This guide shows how to build a simple circuit which is the equivalent to a 'hello world' program. It is part of #100DaysofHardware - A challenge, I pioneer to help other's like me to learn about electronics, microcontrollers and eventually IoT.

Everyone is welcomed to join the challenge! I'm available on twitter just approach me if you need any help along the way or just share your own progress under #100daysOfHardware.

Planning my deep-dive into electronics, did feel overwhelming to me, till I found a pathway to cut through the complexity. The result is this guide which let me start in very shallow water.

LED, Battery, Resistor - that's all!

The beauty of this very first circuit is, is that everyone can complete it without any deeper understanding of electronics. It's very easy to reason about too. It consists only of three components:

  • Power source (Battery or power adapter)
  • LED
  • Resistor

How to connect the components is the only this we need to find out today.

To start-off smoothly, I recommend to get an electronics starter kit. There is plenty of brands out there, any of them will do. It's most importantly that you get a bread board, a power source and a selection of basic electronic components and jumper wires.

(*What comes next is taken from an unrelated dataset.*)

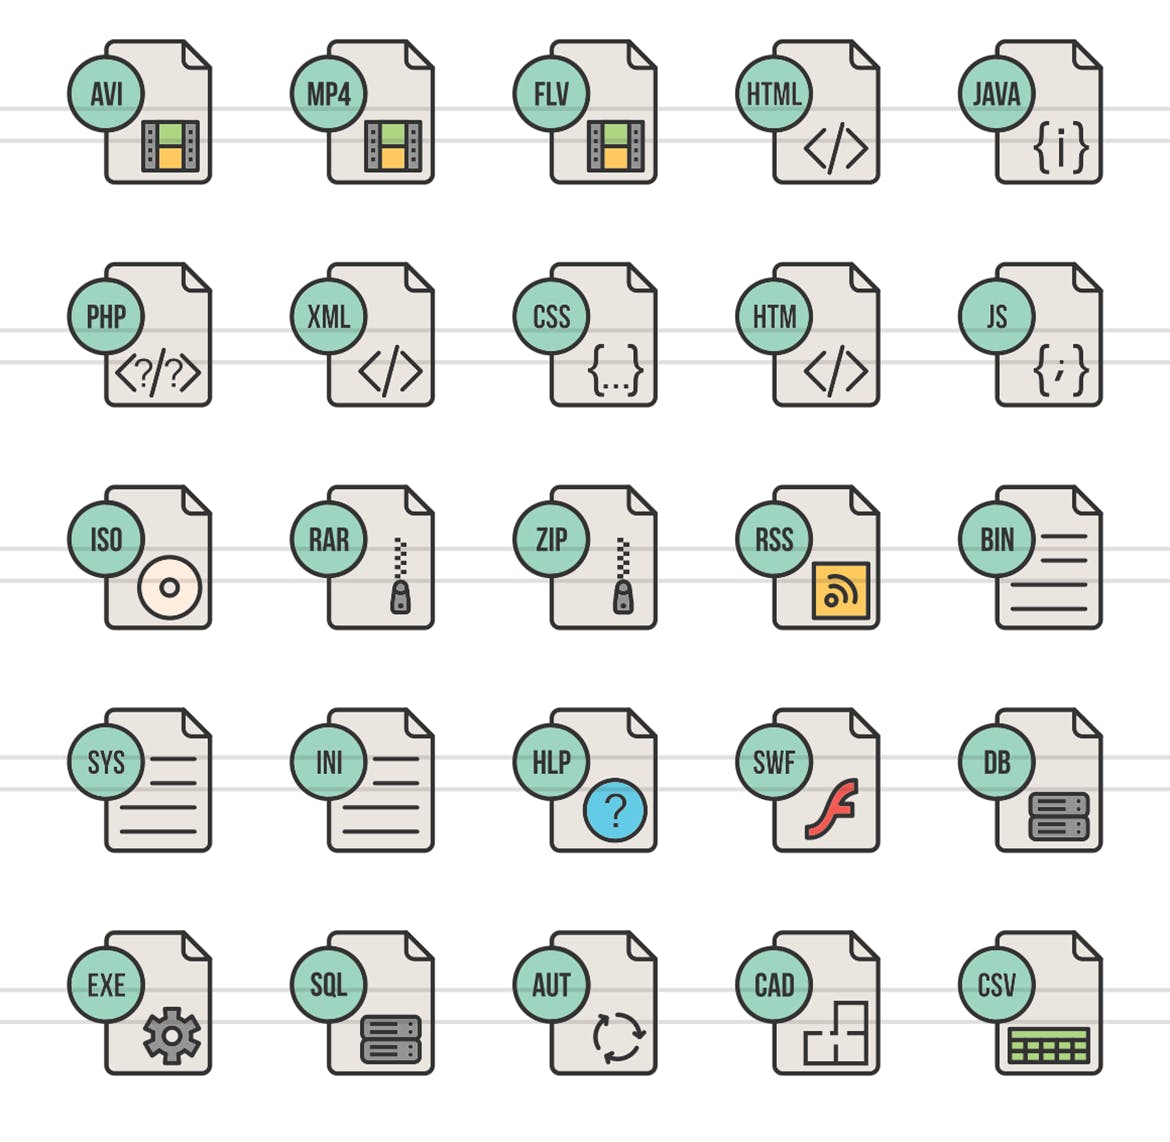 50枚文件格式填充线性素材库精选图标 II 50 File Formats Filled Line Icons Season II插图(2)
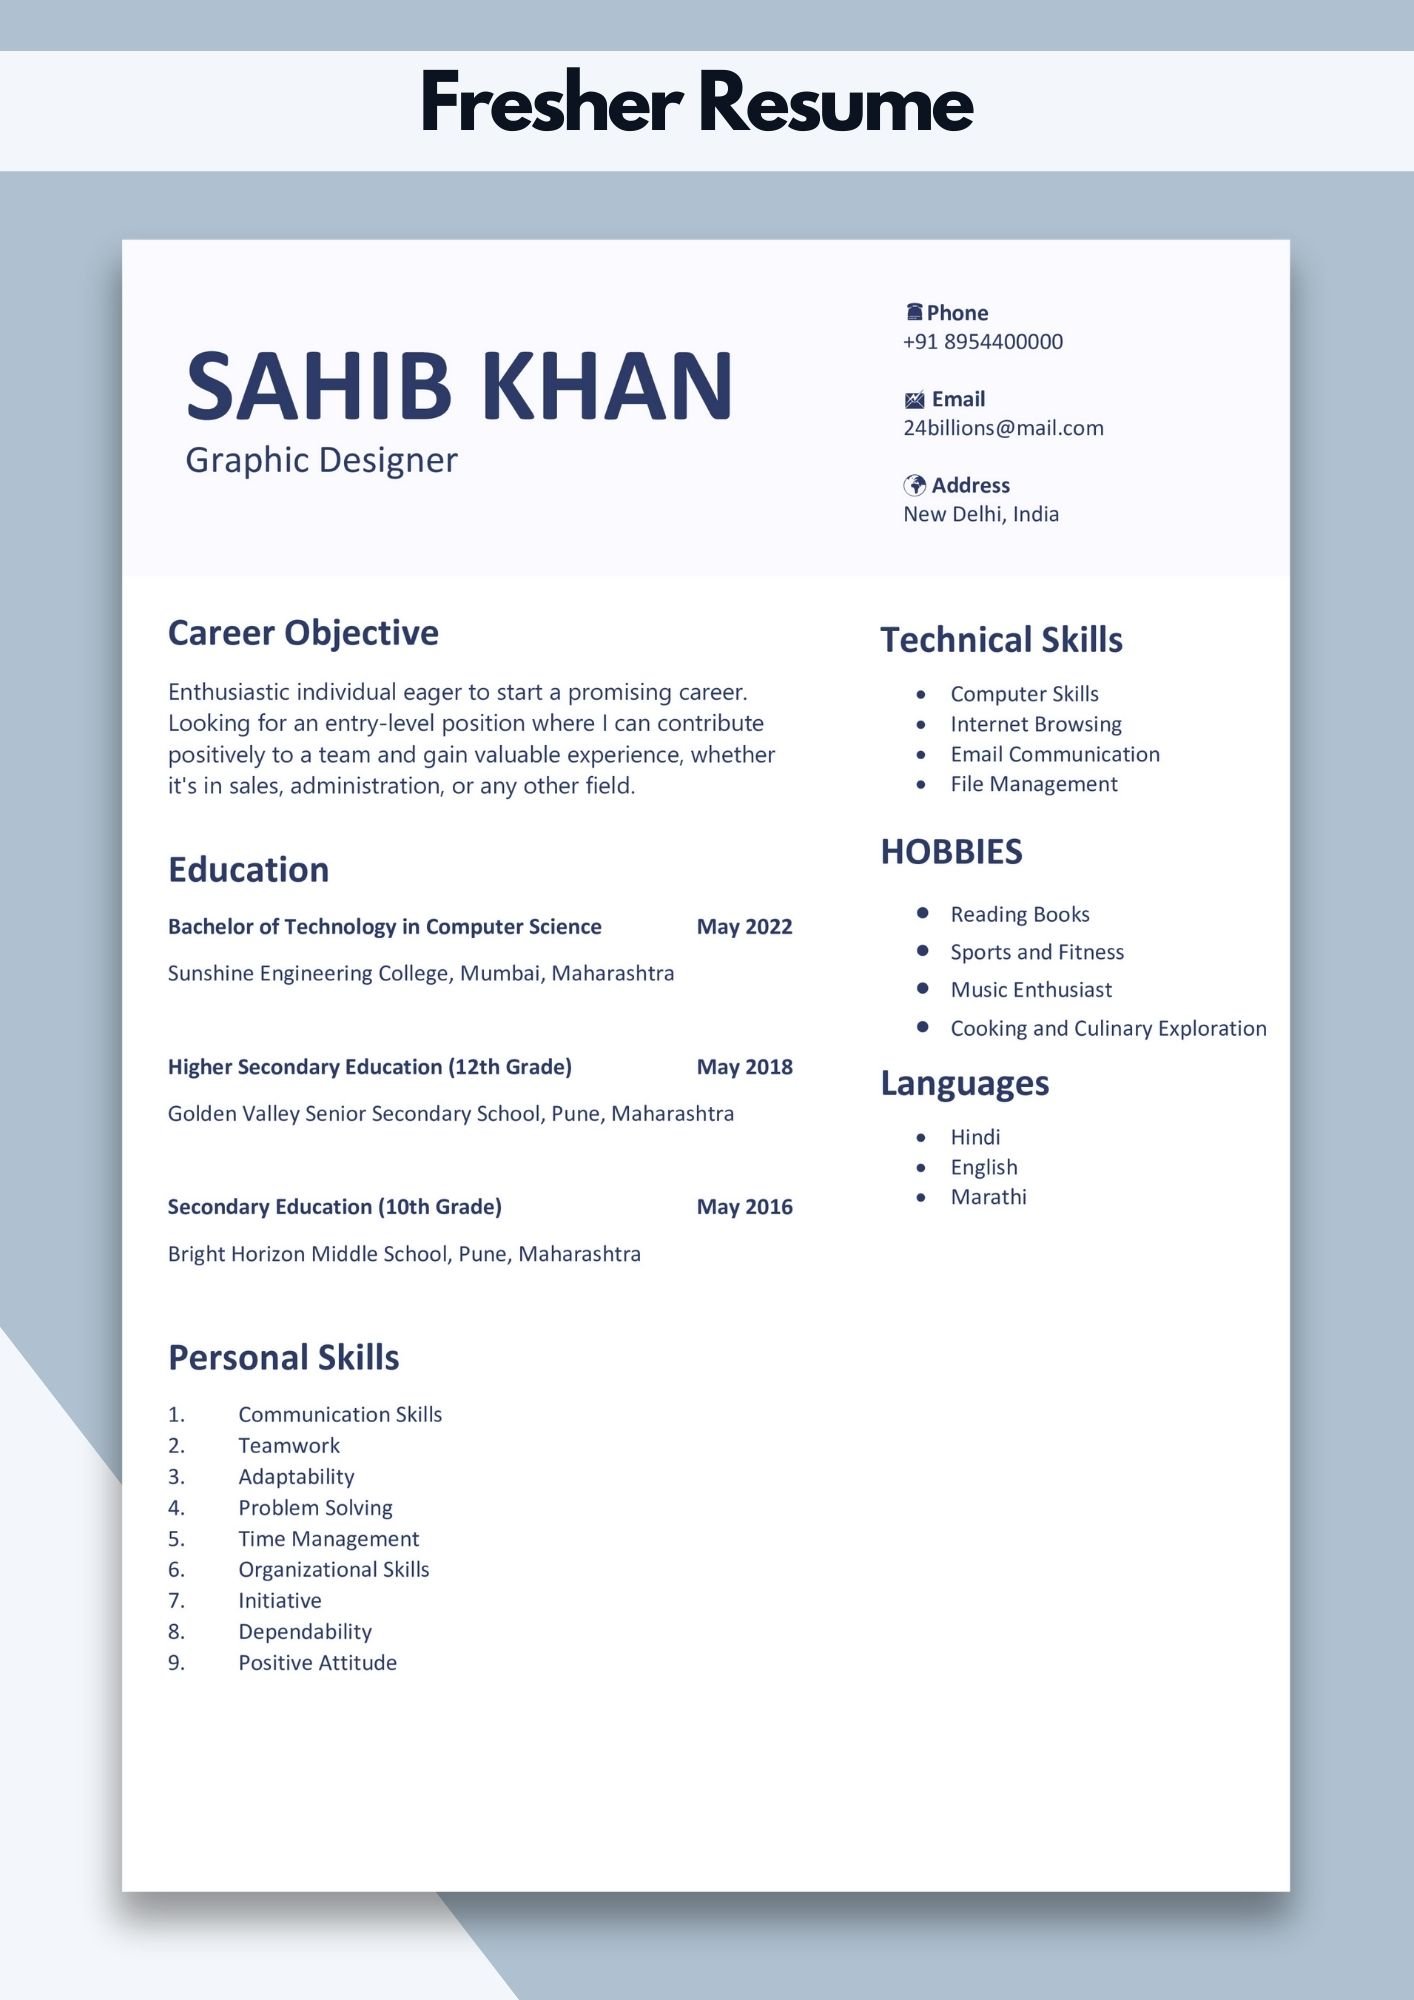 Sample Format of Resume for Fresher

While I got lost couple of times in the scientific depth of electronics theory, Here comes the parts which really matter for today's project:

Electrons are flowing through a circuit from one terminal of the power source to the other

In order to plug in the LED correctly, it is important to understand that electricity is basically just electrons flowing through a circuit from one terminal of the power source to the other.

The two terminal can be differentiated by their charge. One is always more positive than the other. Hence, the terminals are normally marked with a red plus and a black minus.

Many electronic components do only work when the current flows through them in the right direction. The LED, is one of them.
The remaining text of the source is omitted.